Tuesday, April 19, 2016

Indirect negative evidence

One of the features of Charles’ paper (CY) that I did not comment on before and that I would like to bring to your attention here is the relevance (or, more accurately, lack thereof) of indirect negative evidence (INE) for real time acquisition. CY’s claim is that it is largely toothless and unlikely to play much of a role in explaining how kids acquire their Gs.  A few comments.

CY is not the first time I have been privy to this observation. I recall that my “good and great friend” Elan Dresher said as much when he was working on learnability of stress with Jonathan Kaye. He noted (p.c.) that very few Gs lined up in the relevant sub/super set configuration relevant for an application of the principle. Thus, though it is logically possible that INE could provide info to the LAD for zeroing in on the right G, in fact it was all but useless given the nature of the parameter space and the Gs that such a space supports. So, nice try INE, but no cigar.[1]

CY makes this point elaborately. It notes several problems with INE as, for example, embodied in Bayes models (see p 14-15).

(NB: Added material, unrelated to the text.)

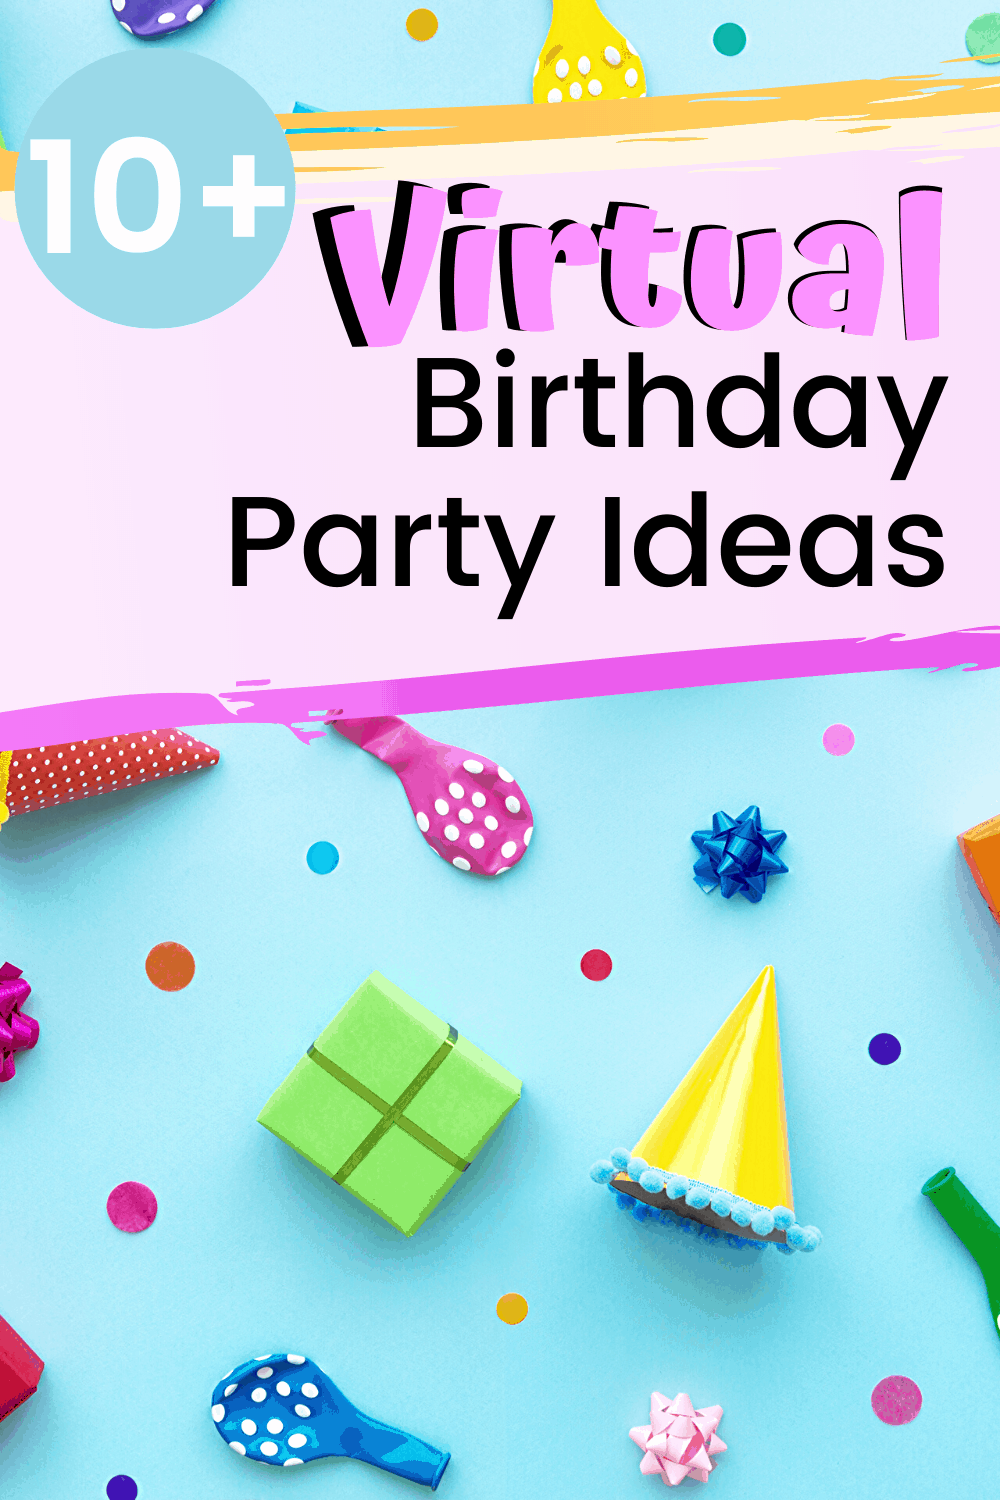 These virtual birthday party ideas are a great way to create a special day when you can't be together! Long distance parties provide a unique way to celebrate.

First, generating the sets necessary to make the INE comparison is computationally expensive. CY cites work by Osherson et al (1986) noting that generating such sets may not even be computable and by Fodor and Sakas that crunches the numbers in cases with a finite set of G alternatives and finds that here too com putting the extensions of the relevant Gs in order to apply the INE is computationally costly.

Nor should this be surprising. If even updating several Gs wrt data quickly gets out of computational control, then it is hardly surprising that using Gs to generate sets of outputs and then comparing them wrt containment is computationally demanding. In sum, surprise, surprise, INE runs into the same kind to tractability issues that Bayes is already rife with.[2]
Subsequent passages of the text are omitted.